-- Supplied information --
■ ■ ■ ■
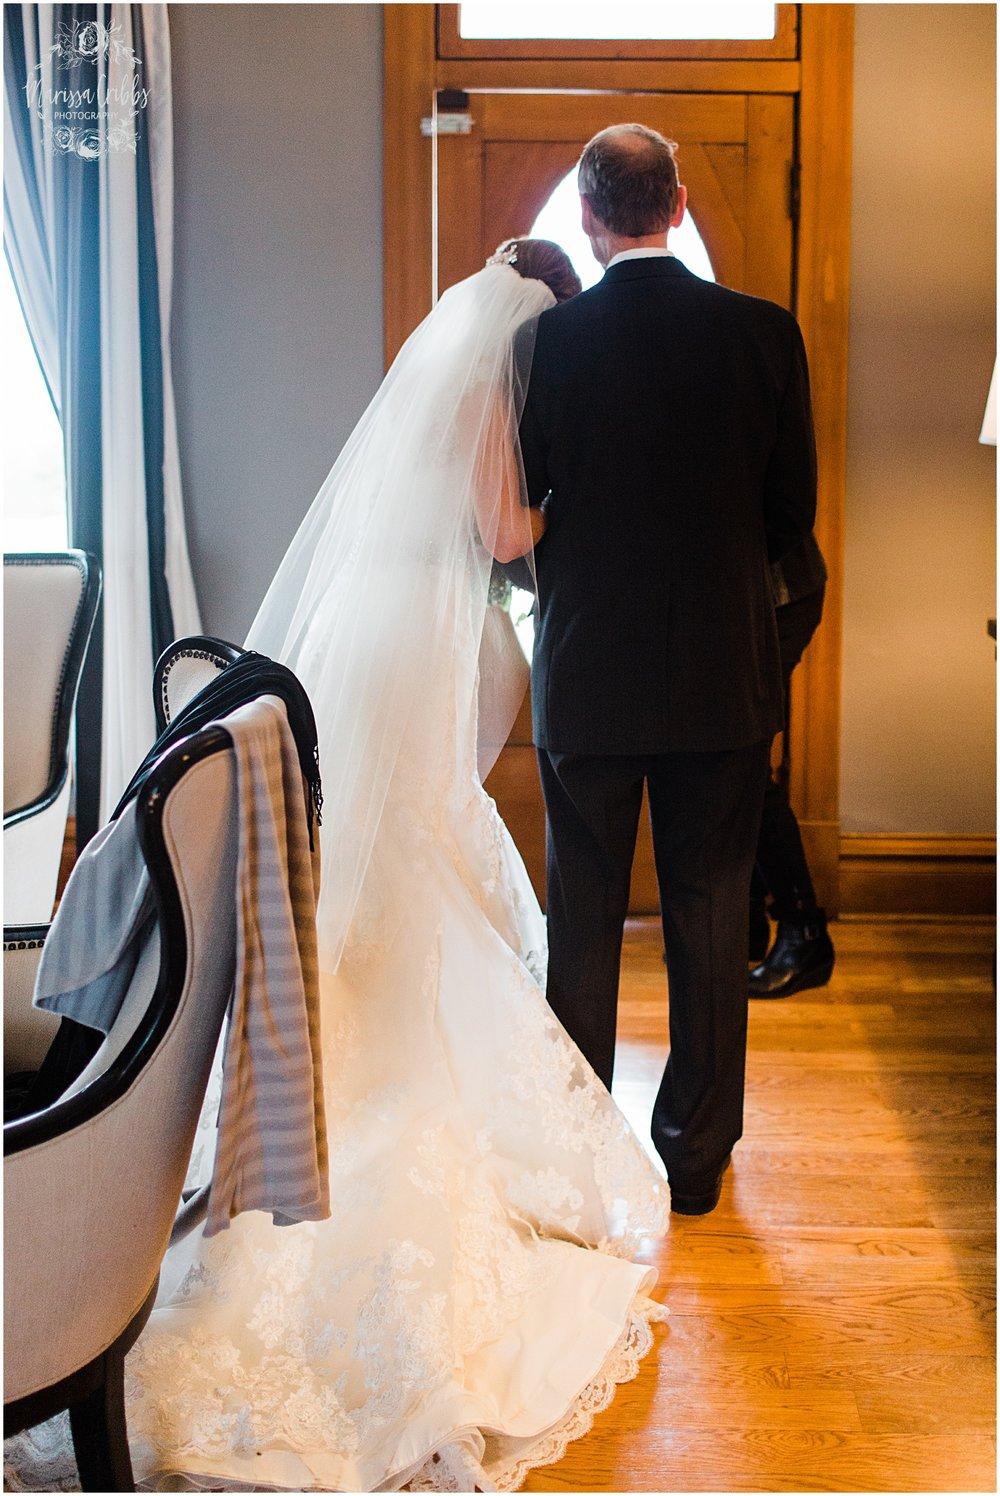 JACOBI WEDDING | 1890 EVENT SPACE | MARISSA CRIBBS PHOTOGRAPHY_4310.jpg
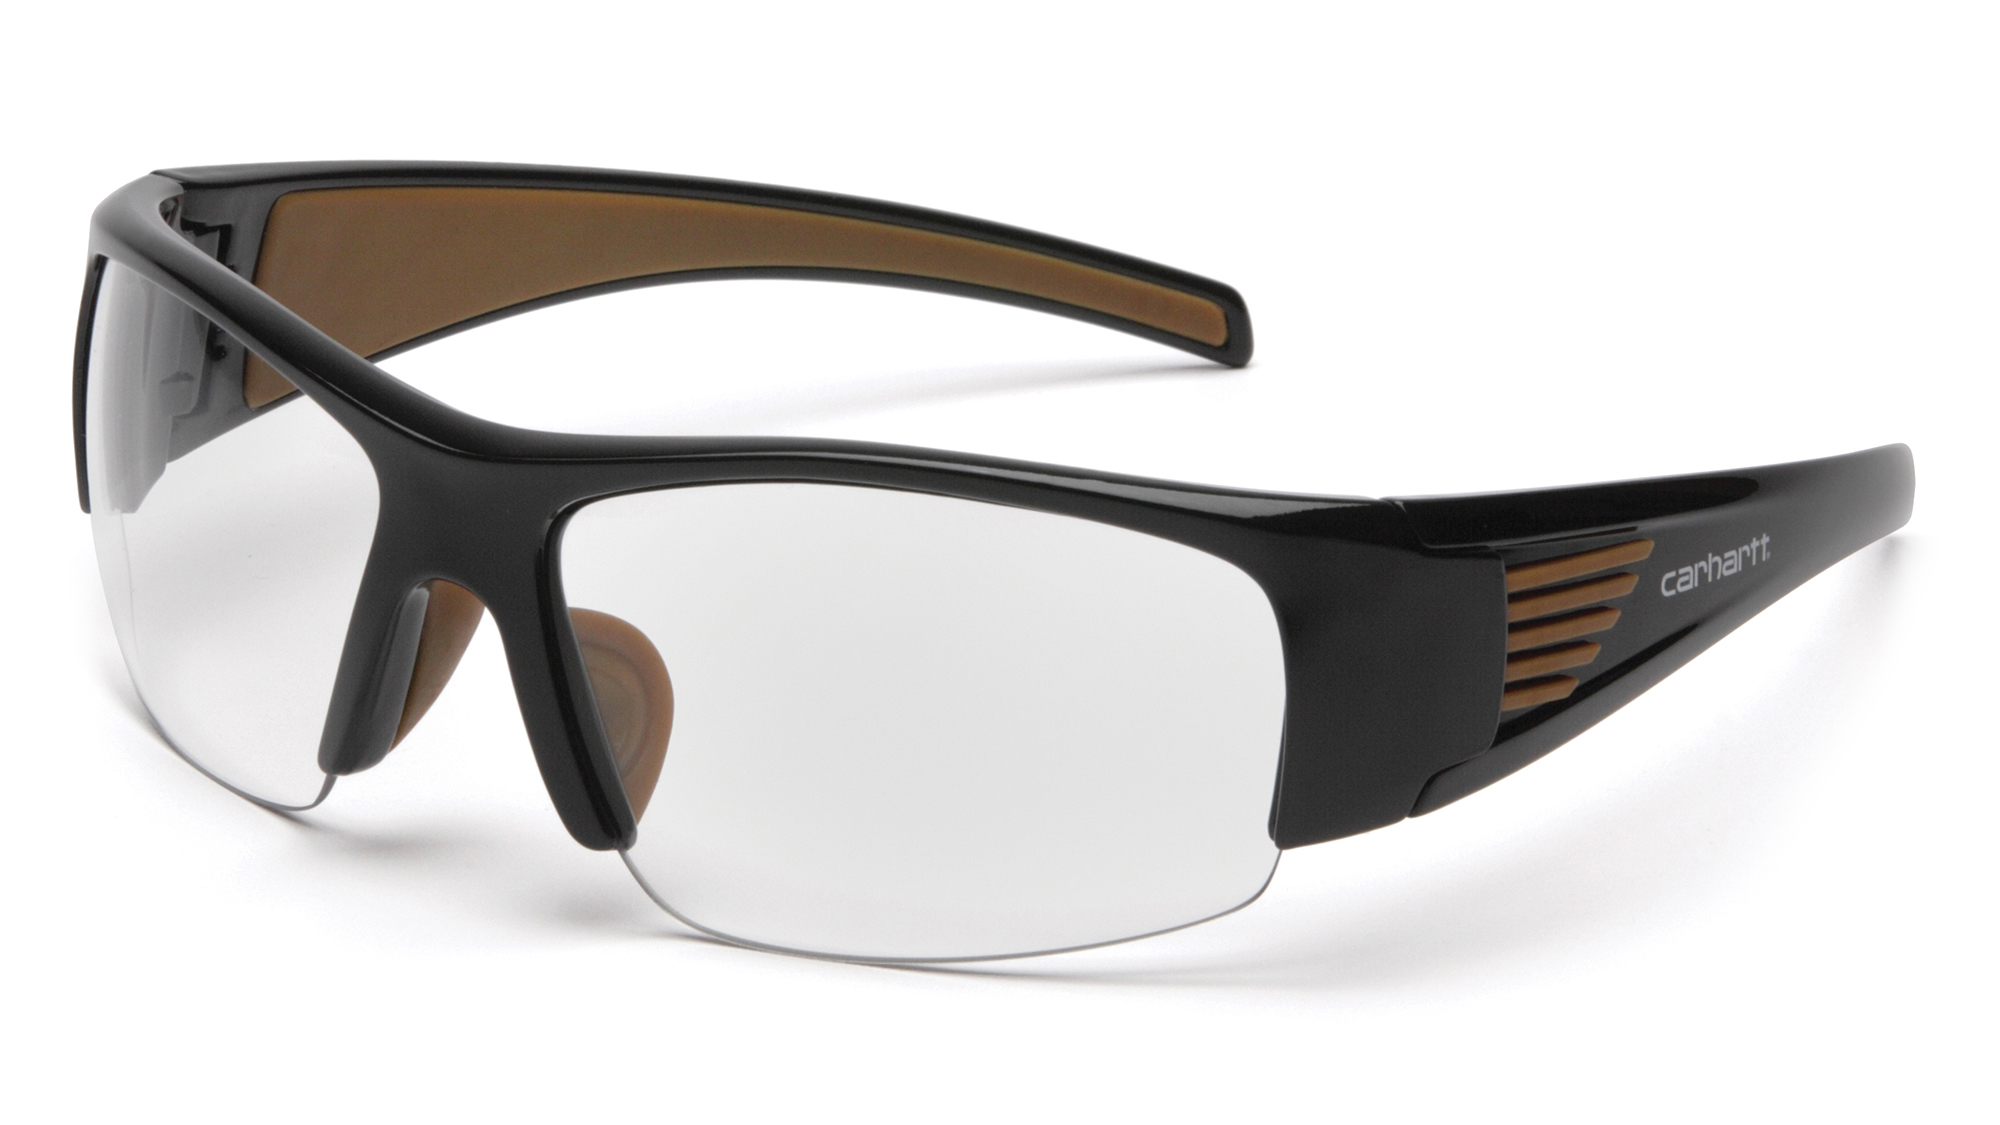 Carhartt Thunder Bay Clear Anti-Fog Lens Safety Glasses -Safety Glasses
■ ■ ■ ■
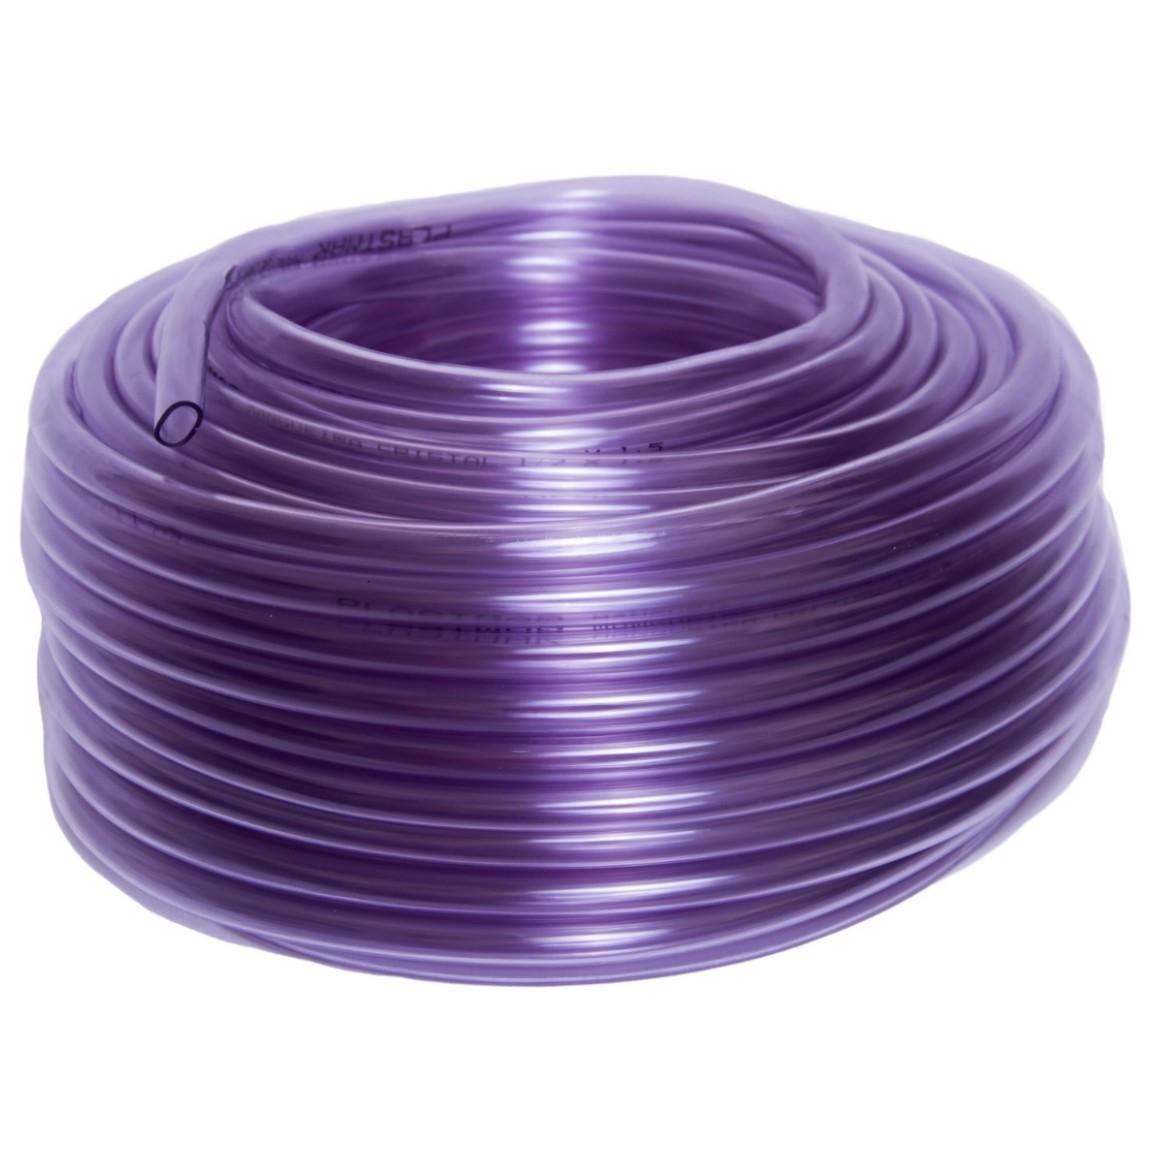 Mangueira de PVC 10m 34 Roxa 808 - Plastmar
■ ■ ■ ■
Write out the lines above from the one with "JACOBI WEDDING |" through the one with "Carhartt Thunder Bay", ends included, exactly; no picture goes in.

-- Written solution --
 JACOBI WEDDING | 1890 EVENT SPACE | MARISSA CRIBBS PHOTOGRAPHY_4310.jpg
 Carhartt Thunder Bay Clear Anti-Fog Lens Safety Glasses -Safety Glasses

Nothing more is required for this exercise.